Un Relato de “Todas las Estrellas del Cielo están Muertas” de Bryan Barona

 


On the Road


Sobre el rostro pálido de la luna delantera de una miniván, una nata de garúa —como fiebre fría— se ha impregnado de punto a punto. Pequeñísimos son los gránulos de agua, un virus plomizo pero transparente en conjunto que tiembla sobre la frente pálida y también dura de esta luna delantera de miniván, discurre el mal endémico de la fiebre fría, gotita a gotita, a los segundos o siglos de terminar de temblar y caer gotón a gotón (así alternado el ridículo asunto de helarnos interiormente), por los pómulos pálidos y duros hasta dar con la boca todavía más pálida y dura aunque todavía más inexistente. Plaf, plaf. No se sorbe nada; no se ha sentido nada al surcarle, de arribabajo, a través de la medianoche de la carretera en movimiento: la nata de garúa desplazándose, ondulante y casi desdeñosa, desde jirón Huánuco hasta Puente Nuevo alrededor de las doce y cuarenta y ocho de la madrugada y sus milésimas en punto.
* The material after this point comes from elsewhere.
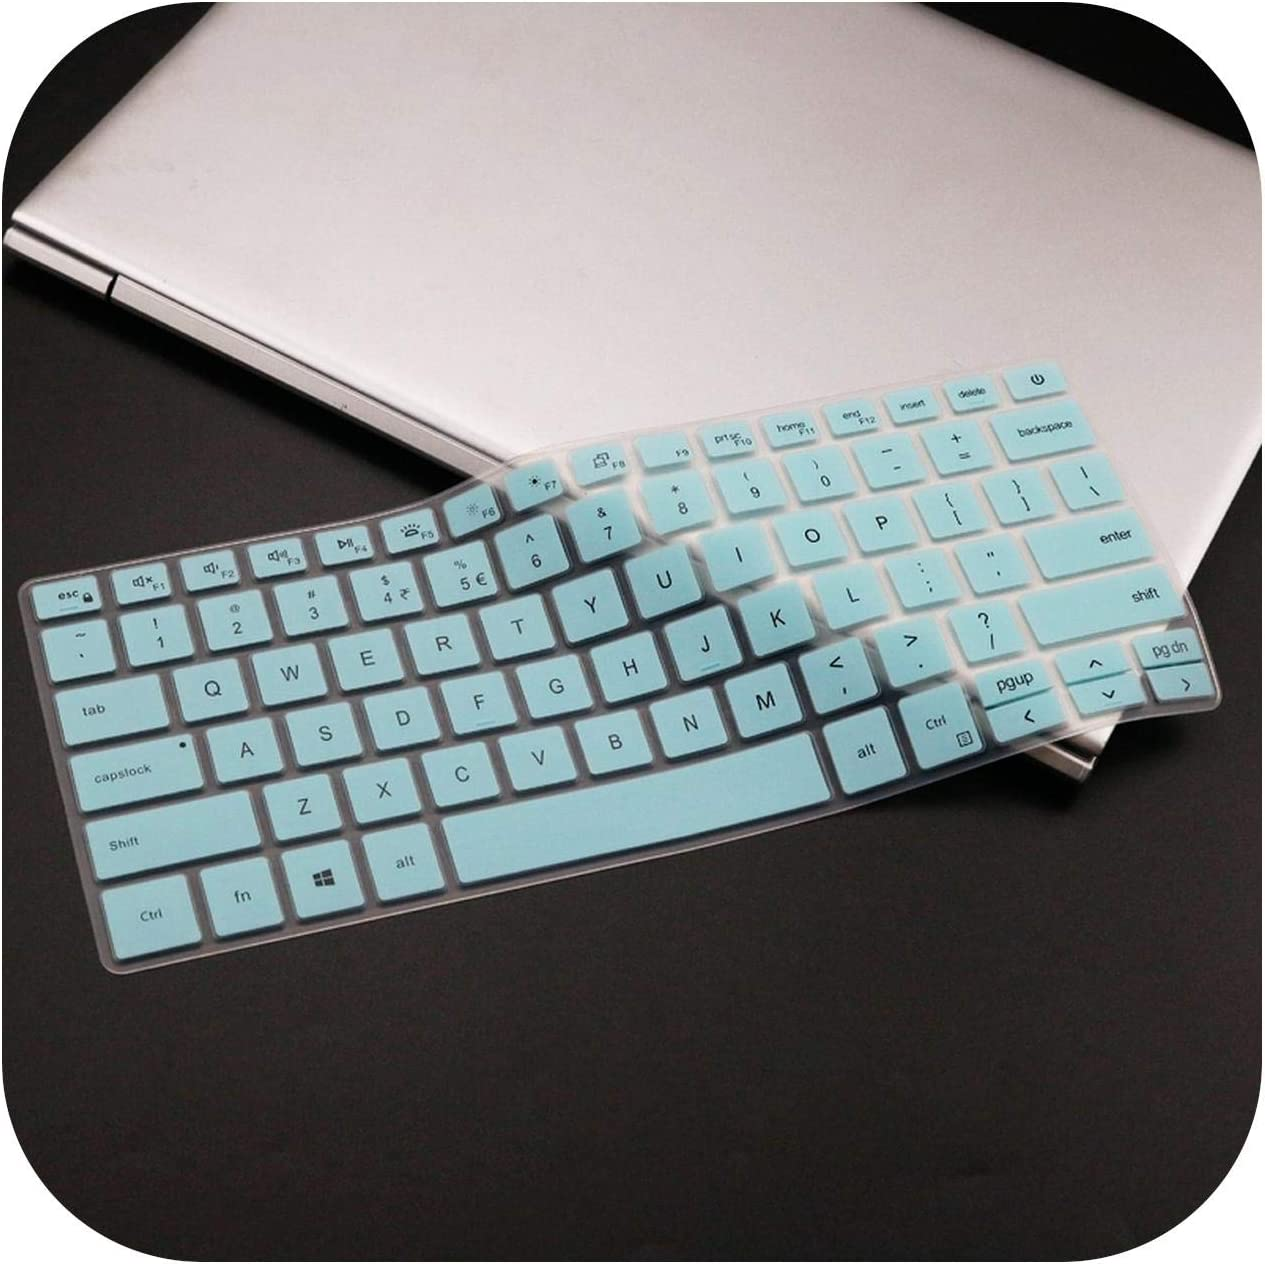 for Dell Inspiron 14 5493 5498 L Inspiron 5490 7490 7391 5498 5493 L Inspiron 7490 Silicone Laptop Keyboard Cover Skin Clear

El pálido rostro de la luna delantera de esta miniván, en circunstancias como la dicha, es el tiernísimo horror de todos los hombres que detrás de todas las lunas del mundo (la de otras miniván durante horas similares, la de nuestras habitaciones o rincones sombríos, la de nuestros aparatos telefónicos) cohabitamos: un rostro cuadrangular e inamovible, sumamente lloroso como una falsa expectativa o esperanza, frente a nosotros e incapaz de preservarse del frío sistemático, de la exposición a un peculiar abatimiento gélido, y que se deja llevar por un fluctuante movimiento mecánico de Dios o de la inercia o de lo incontestable por el infinito tras el infinito. La luna delantera de esta miniván padece, en síntesis, de la epidemia de Lima: un diagnóstico inclasificable de invierno duradero, perpetuo a más señas e incurable en quienes vivimos o supervivimos Ciudad-de-Lima. Por eso la palidez de su rostro; por eso, además, el tono pálido, frío y duro de nuestras palabras. Y ya entramos de Puente Nuevo a San Juan de Lurigancho —como nata de garúa sobre algún papel cualquiera arrancado de un bloc de notas, de mensajes náufragos cuales fueran— y el chofer acciona los bracitos largos y negros del parabrisas: han borroneado todas nuestras posibilidades.